Sad-sack-itis

Today, my two-year-old asked for help with his wooden train tracks. His trains were upstairs, his train tracks were downstairs, and he preferred relocating the relatively large, intricately linked and somewhat difficult to move rails to transporting the things on wheels.

Cool. It’s a day, man, and we gotta live it however we gotta live it. Happy to be of service if you’re gonna play and not scream.

So I went downstairs and brought the train tracks up.

When I arrived at the new train station, he said, “You good helper, Mommy. Good helper.”

And I got a little weepy.

Because nobody in six and a half years has told me that I’m a good helper. Or if they did, they used a regular, grown-up voice and verbs in their sentence so I didn’t completely internalize what they were saying. Either way, it felt really, *really* good to be noticed.

So, either I need a job with regular performance reviews again, or I need to hear these wonderful children when they thank me. We all know the appreciation in this job is at best implied and at worst deferred until they have kids of their own and call, weeping with the exhaustion and overwhelming terror of having a newborn, toddler, preschooler, or teenager to apologize for what shits they were as kids and to express their awe at what great parents we were to tolerate them.

So I’ll take my “good helper” kudos and chalk up my points for teaching him to ask for help, appreciate it, and articulate his feelings. Plus bonus stickers for actually *being* a good helper.

Now, where do I turn in these tickets for prizes?

Advertisements

32 thoughts on “Sad-sack-itis

  1. I have a bouncy ball I can send you. (In exchange for the tickets, I mean.)

    Really, though: you rock, mama. You *are* a good helper, and you display extreme patience, and respond creatively and you meet zillions of little needs a day without going crazy. Write up your performance review, we’ll all sign off.

    • I know, right? I’ll find a way to use that sincerity to make myself more guilty for sending him off to socialization camp a few hours a week next month. Because I can’t possibly enjoy it for too long.

    • Full night of sleep sounds very very nice. But I would like a day of books and movies and food being brought to me. No cleaning, no preparing, no parenting because my children would be delightful or in the care of someone else. In other words, I’d like to be a member of the British aristocracy circa1902, plus John Hughes DVDs.

  2. Pingback: Where Do Moms Go To Hear “Thank You”? | Outlaw Mama

  3. hearing the “thank yous” from our babies, 99 percent of the time requires the ability to crack some sort of toddler morse code. Until moments like these…Last night, Z screamed out for me due to his new terror of whatever monster lives in his room (I’ll really have to look into that) and I ran to rub his back.

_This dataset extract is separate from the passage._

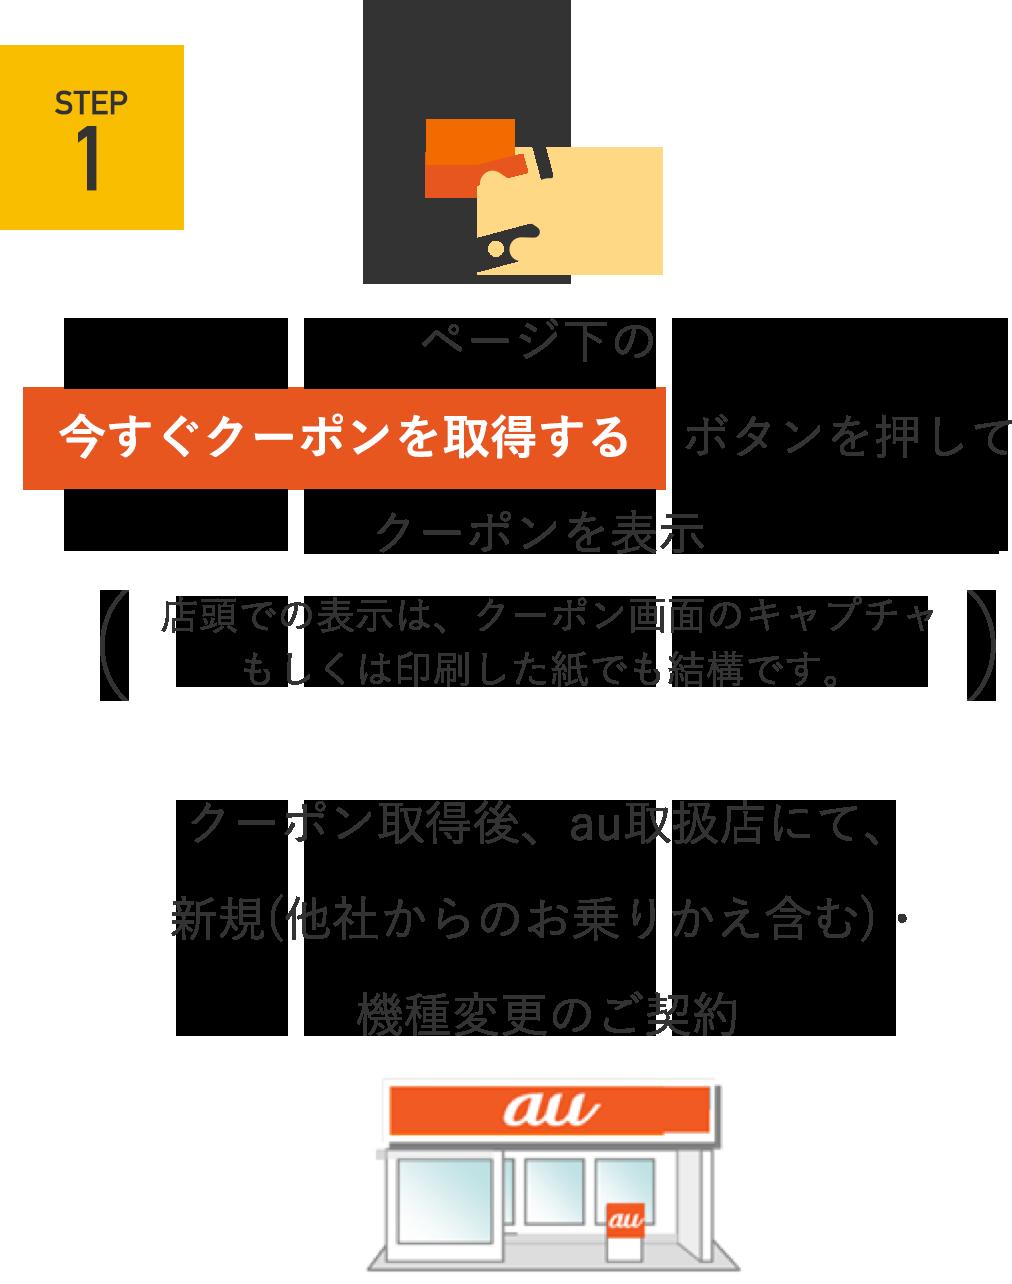 STEP1 ページ下の[今すぐクーポンを取得する]ボタンを押してクーポンを表示(店頭での表示は、クーポン画面のキャプチャもしくは印刷した紙でも結構です。)クーポン取得後、au取扱店にて、新規(他社からの乗りかえ含む)・機種変更のご契約
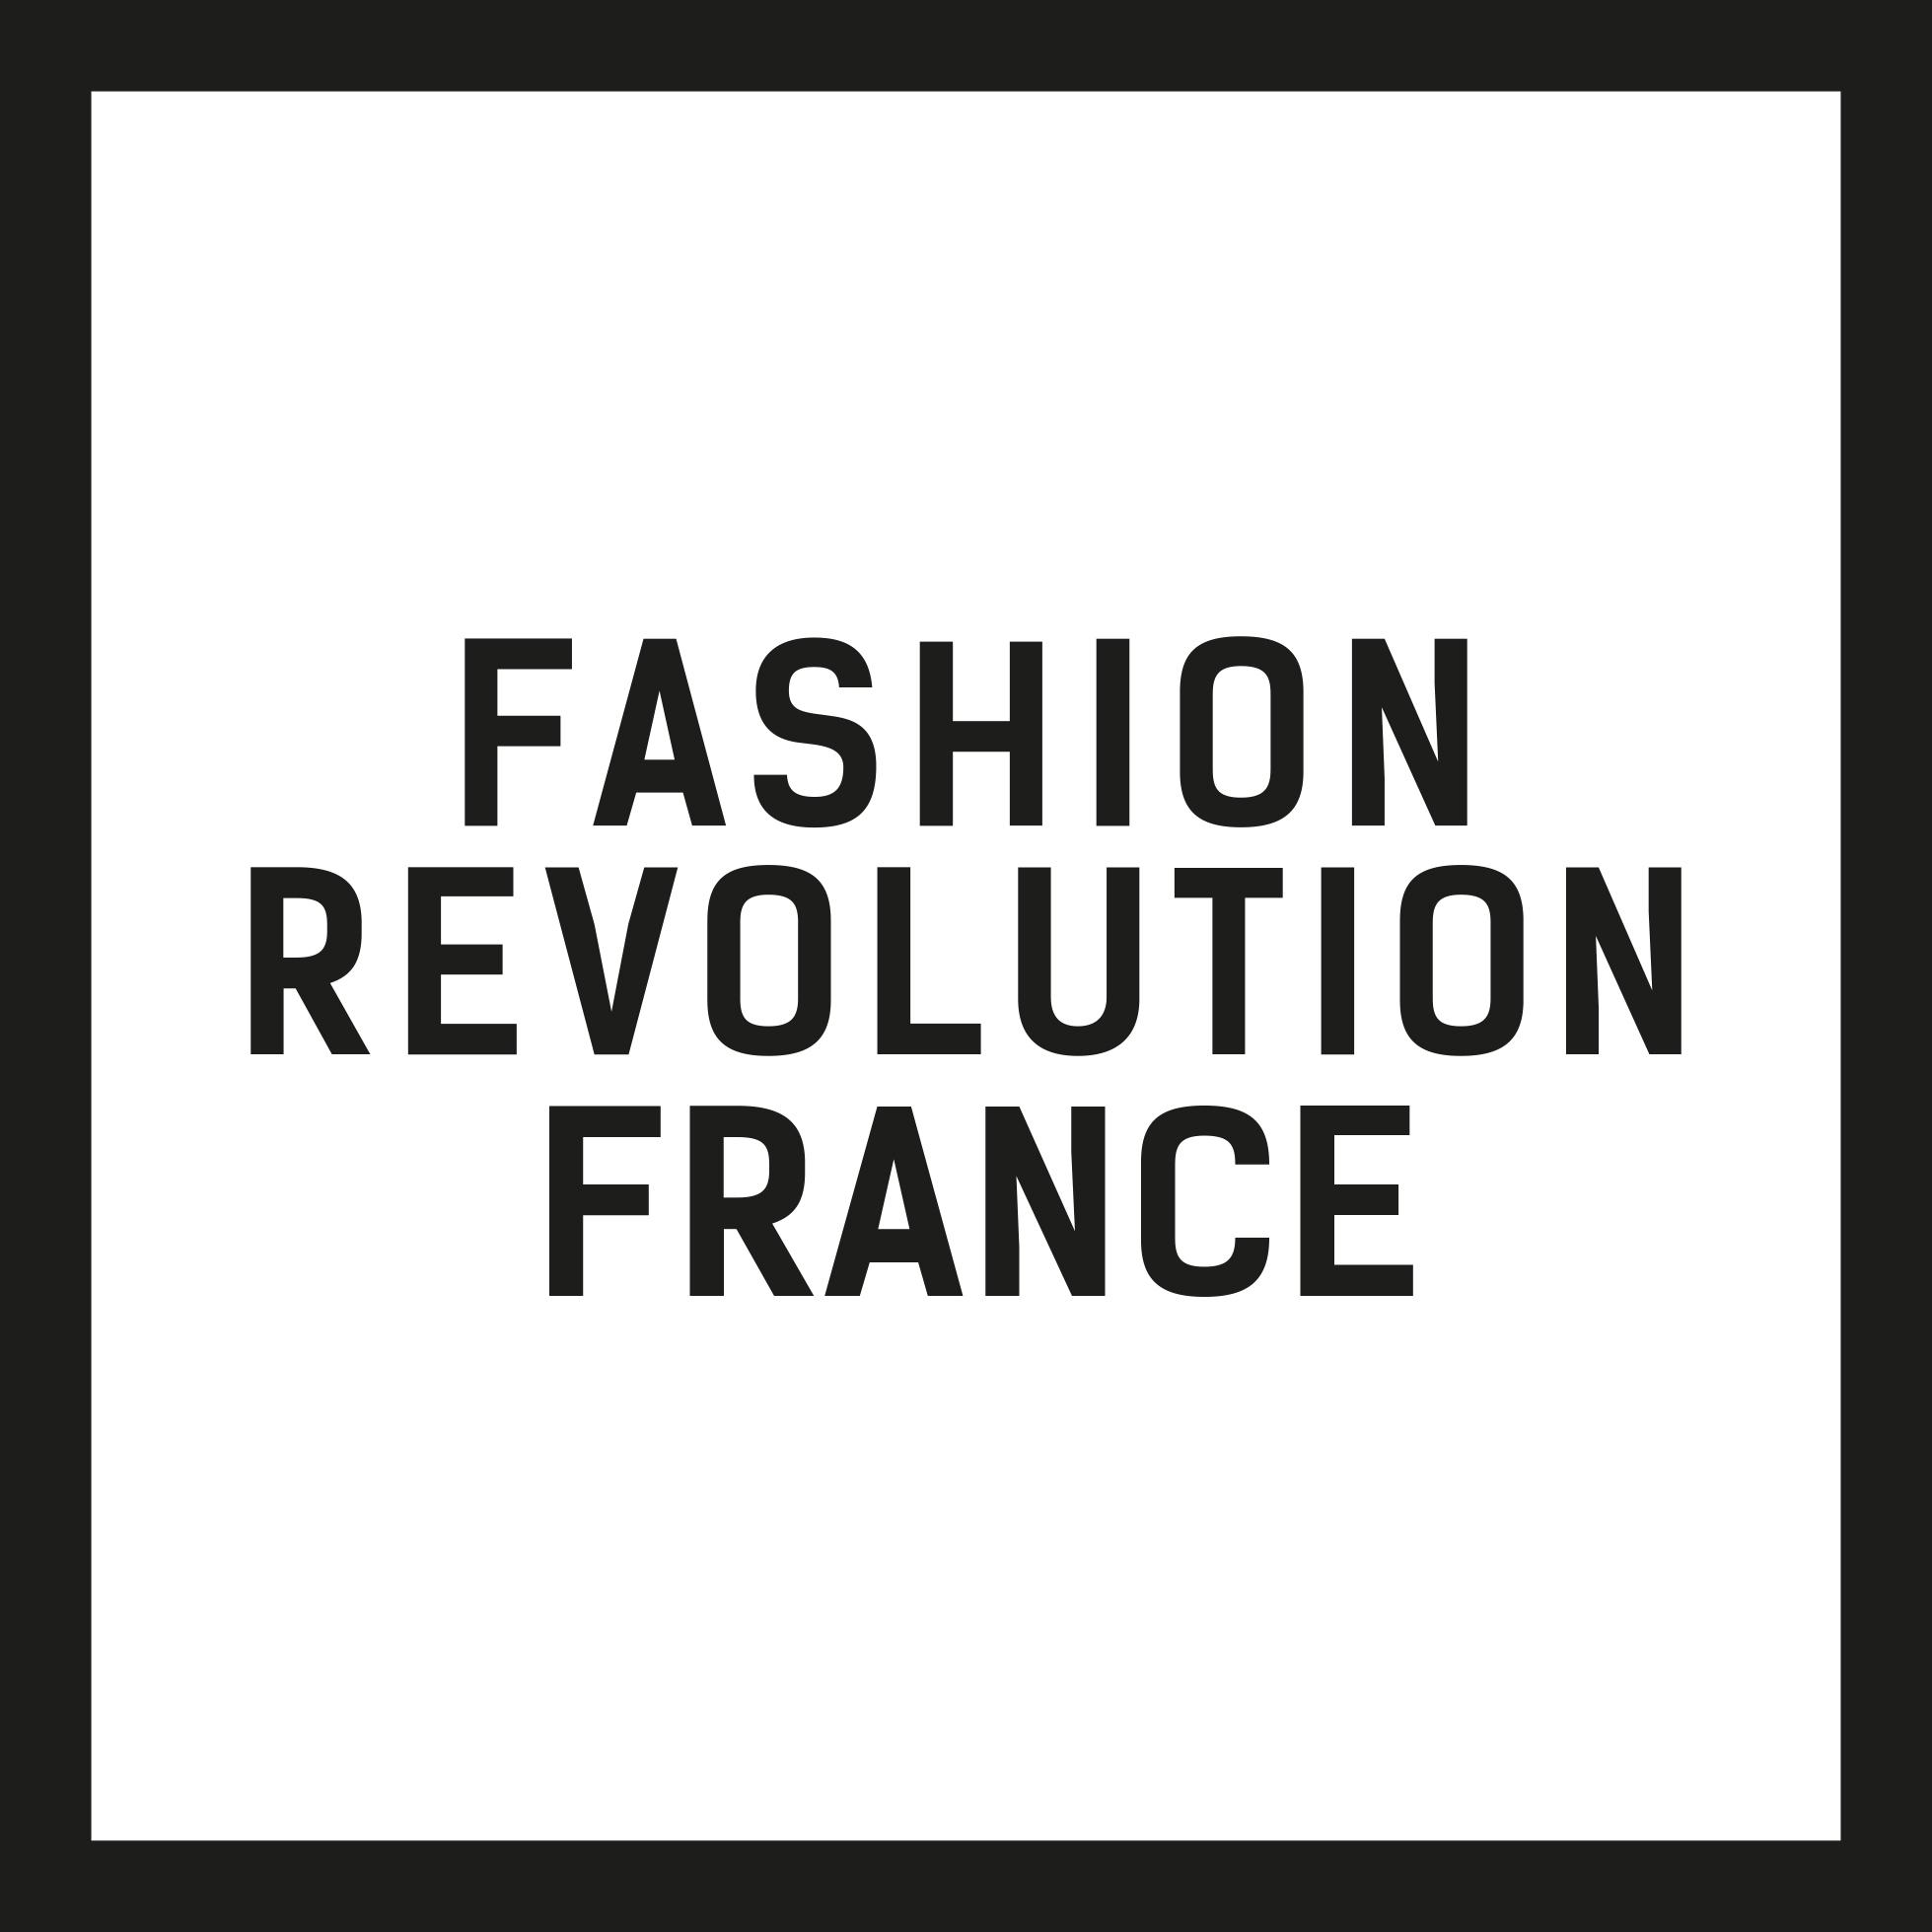 fashion revolution france

I left the room and heard him mumble something on the way out. curious, I went back in and said “what, honey?” Sound asleep, “I love you, Mommy”

    tears.

    My husband so appreciated my waking him up at 3 am to tell him this beautiful story. Almost as much as you appreciate me writing it here…

    PS.
    I agree with the poignant sentiments of Butter. You are a good helper. ;)

    • Why do husbands never appreciate being awakened for niceness? We’re awakened for screaming and crying and pain and poop all night. You’d think they’d be grateful! (Hey, are there any nighttime dads or two-mom families who have a different response from their no-night-duty partner? I’ll bet a co-parenting woman would appreciate being awakened for good parenting news at 3am Maybe.)

      For the record, I do appreciate you writing it here. Because it’s sweet and lovely and you’re not waking me up. ;-)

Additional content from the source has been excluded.